-- Source material --
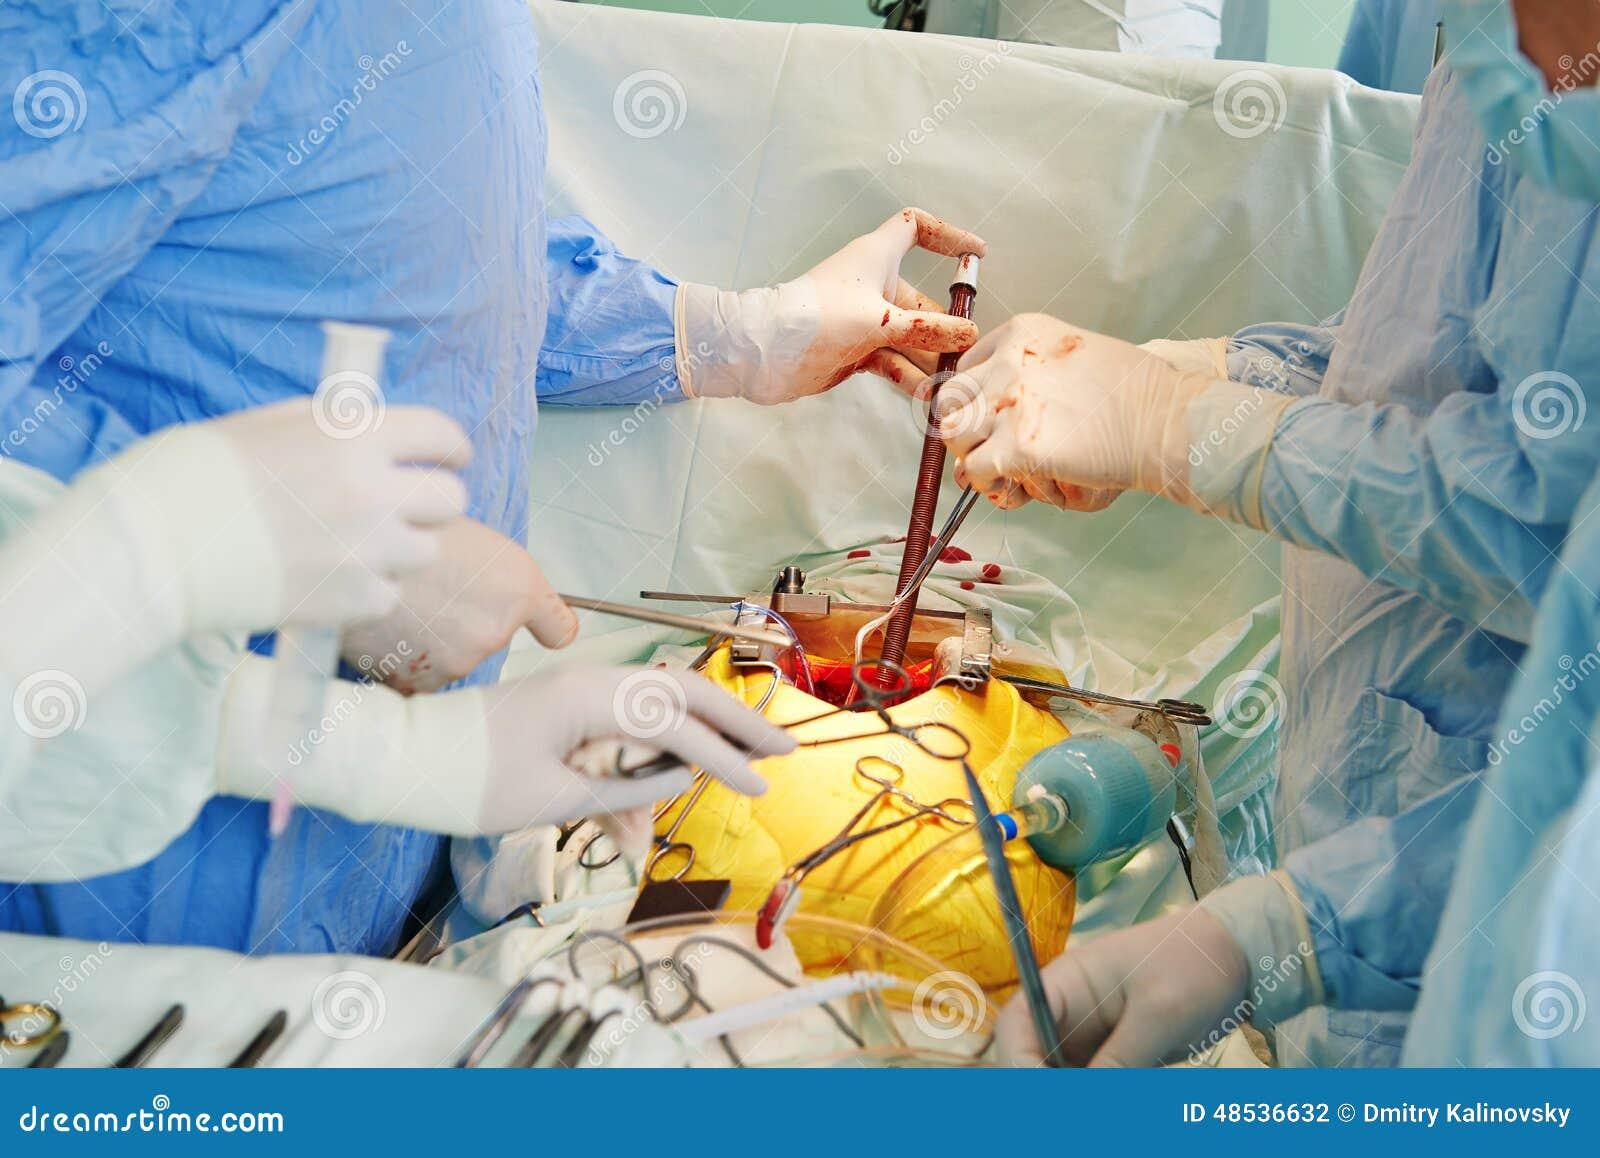 Mains de chirurgiens à l opération cardiaque de chirurgie
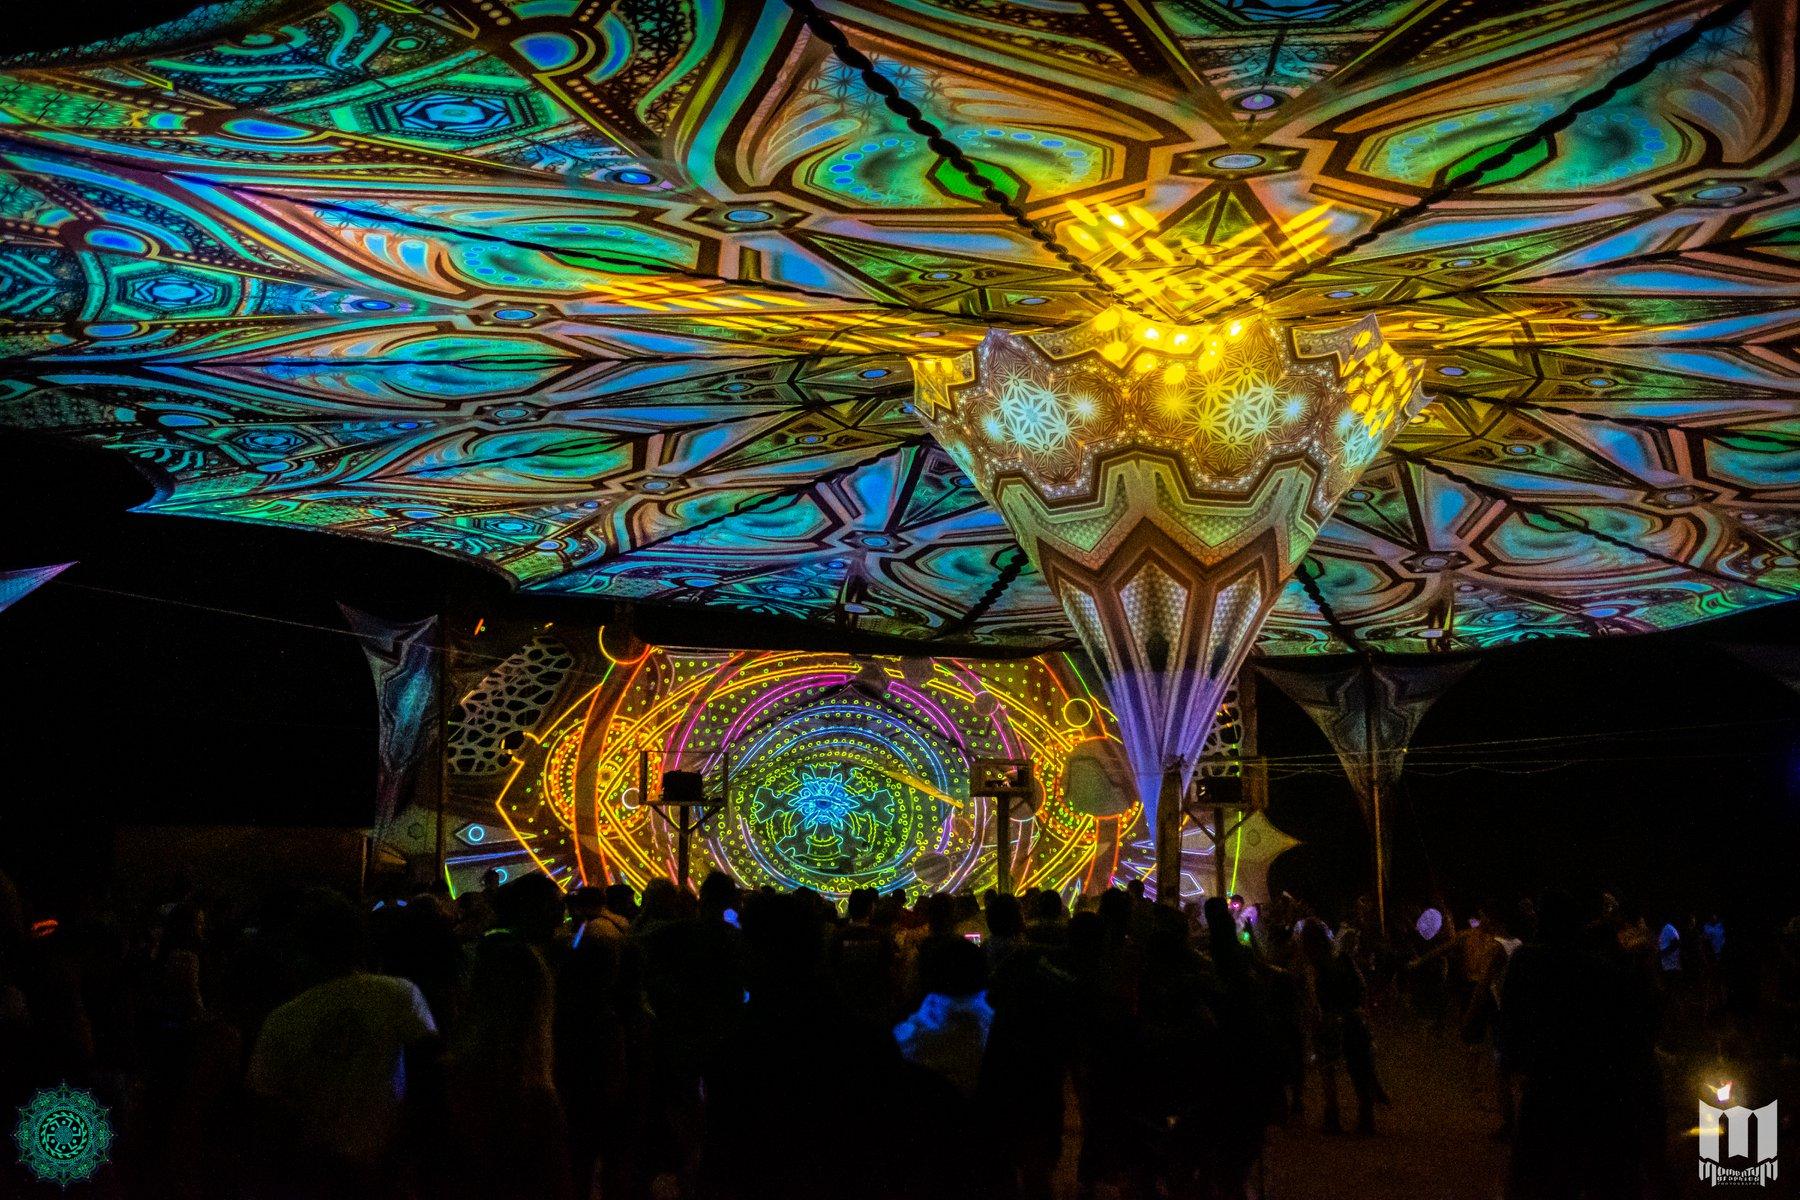 רחבה פסיכדלית בלילה בפסטיבל free earth ביוון
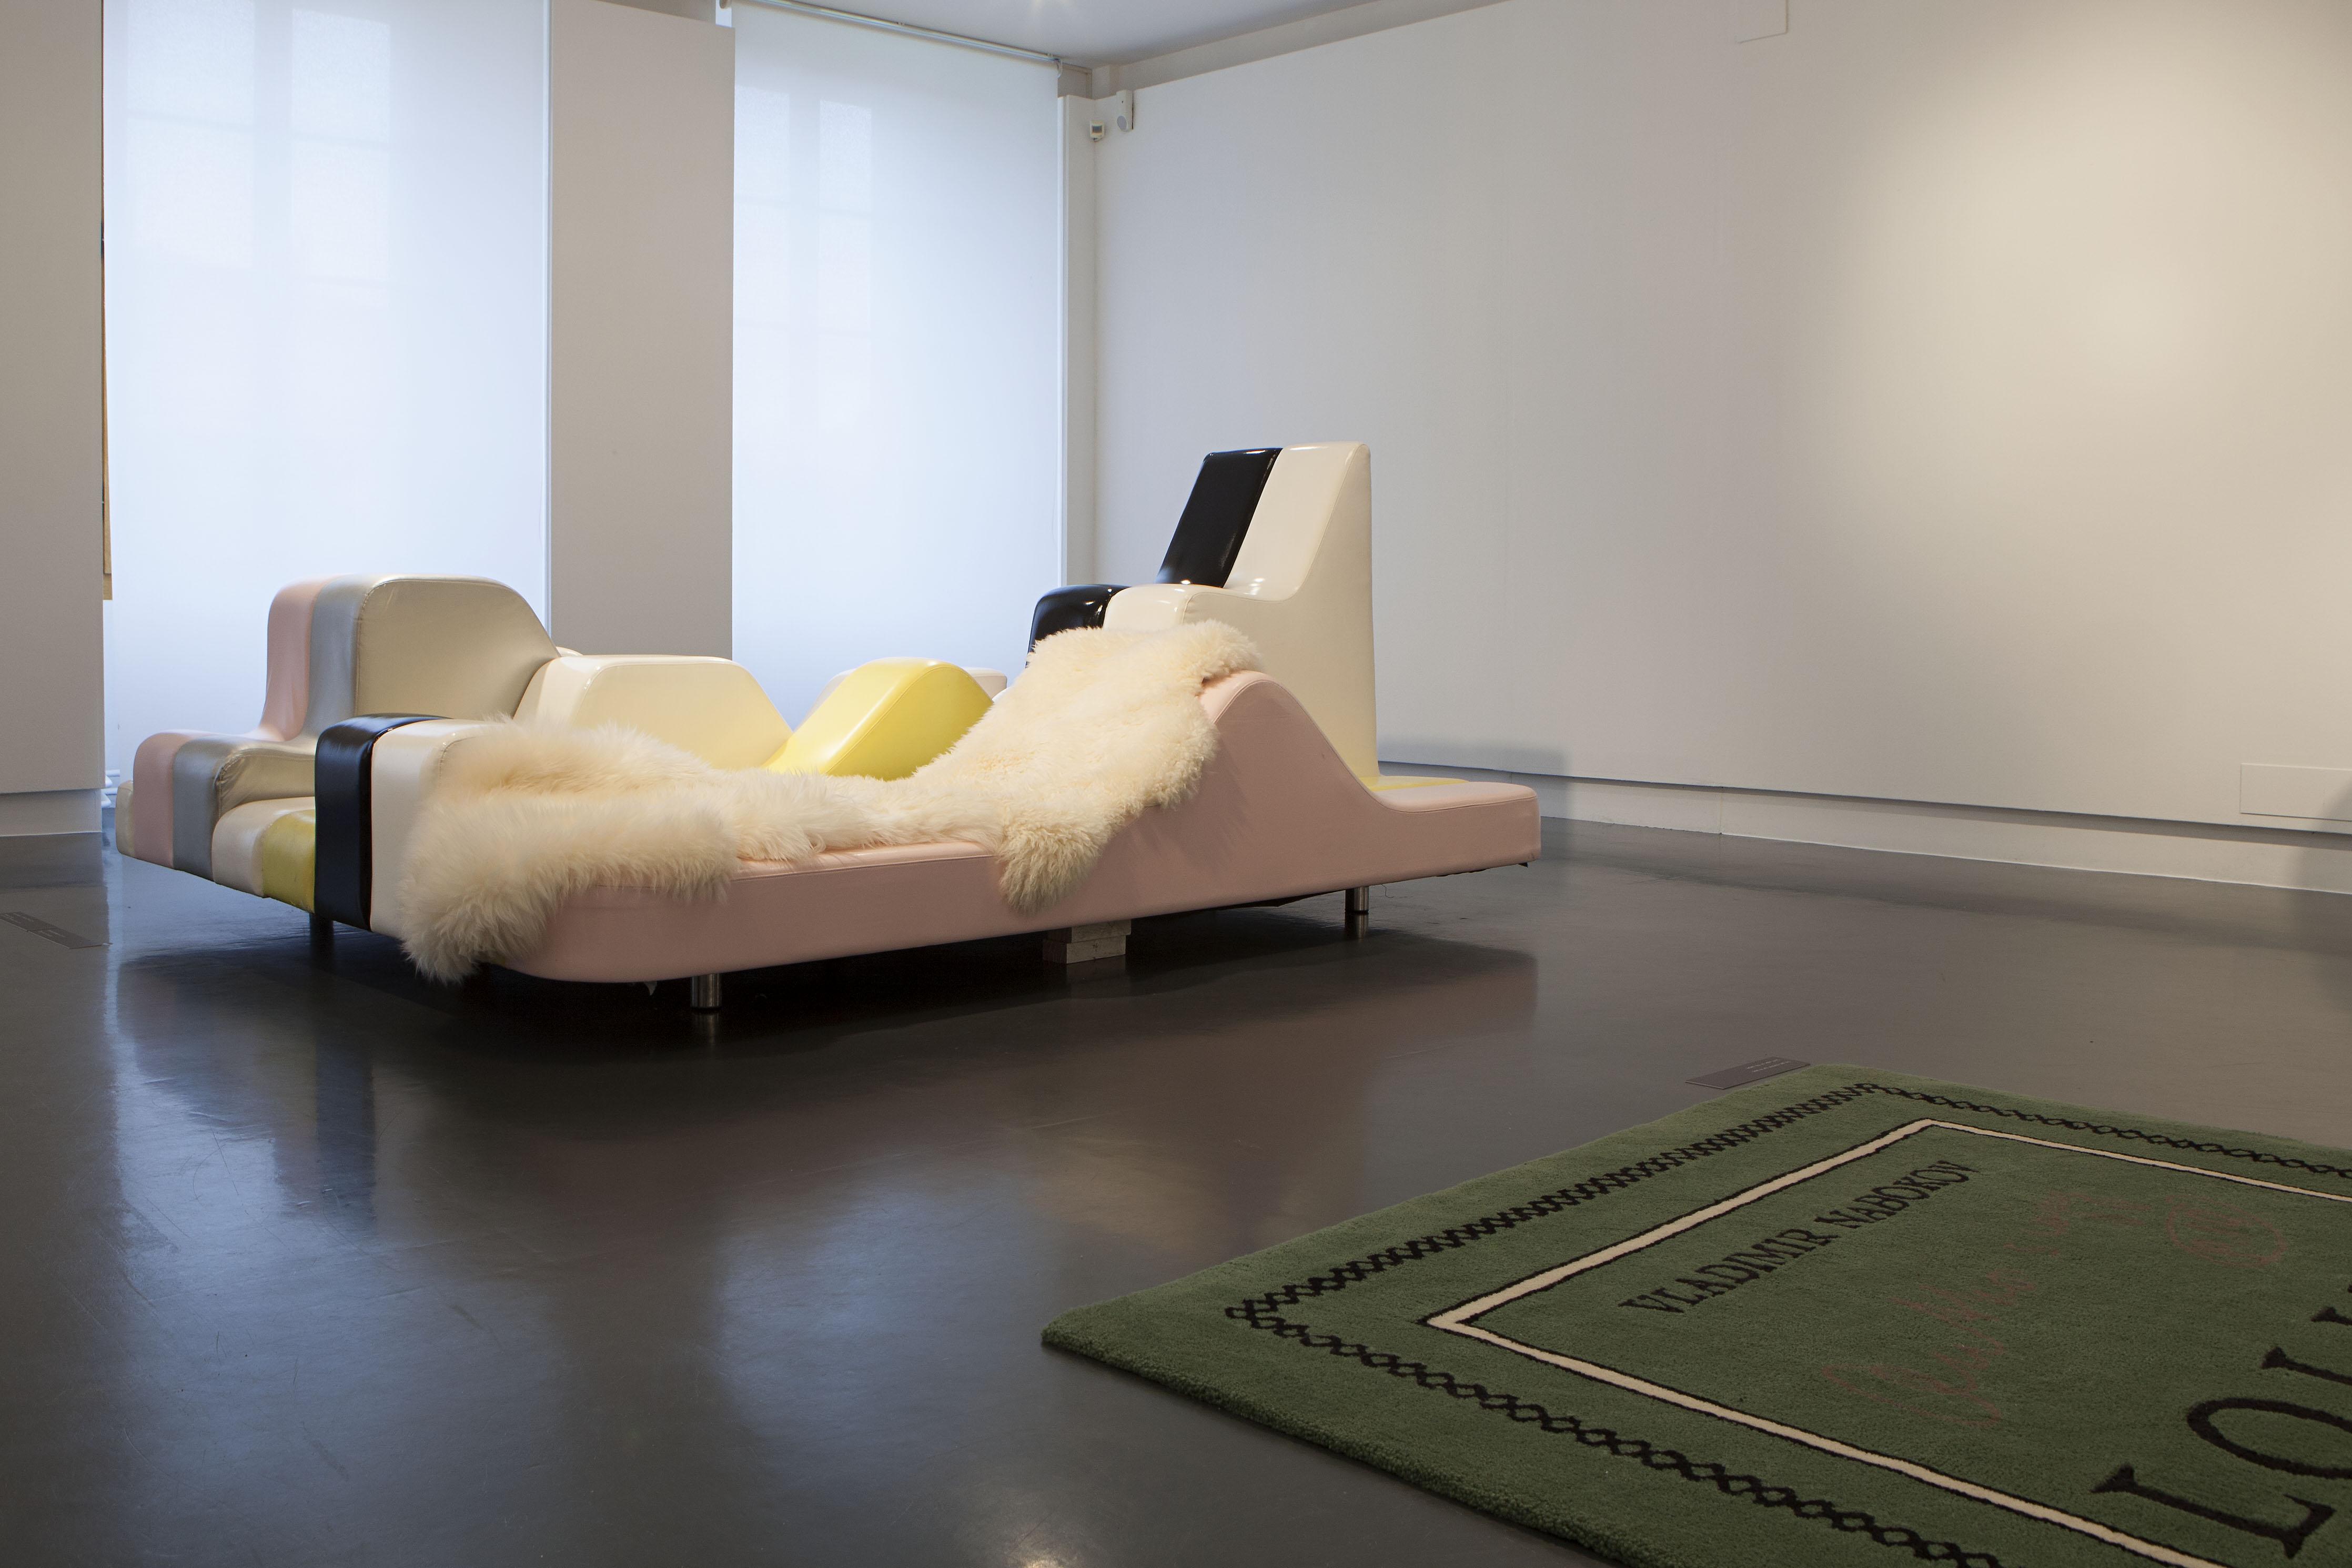 Nirvana: The strange forms of pleasure - MUDAC Musee de design et d'arts appliques contemporains

-- Task item --
Retype the listing exactly. Leave out its pictures.

-- Task output --
 Mains de chirurgiens à l opération cardiaque de chirurgie
 רחבה פסיכדלית בלילה בפסטיבל free earth ביוון
 Nirvana: The strange forms of pleasure - MUDAC Musee de design et d'arts appliques contemporains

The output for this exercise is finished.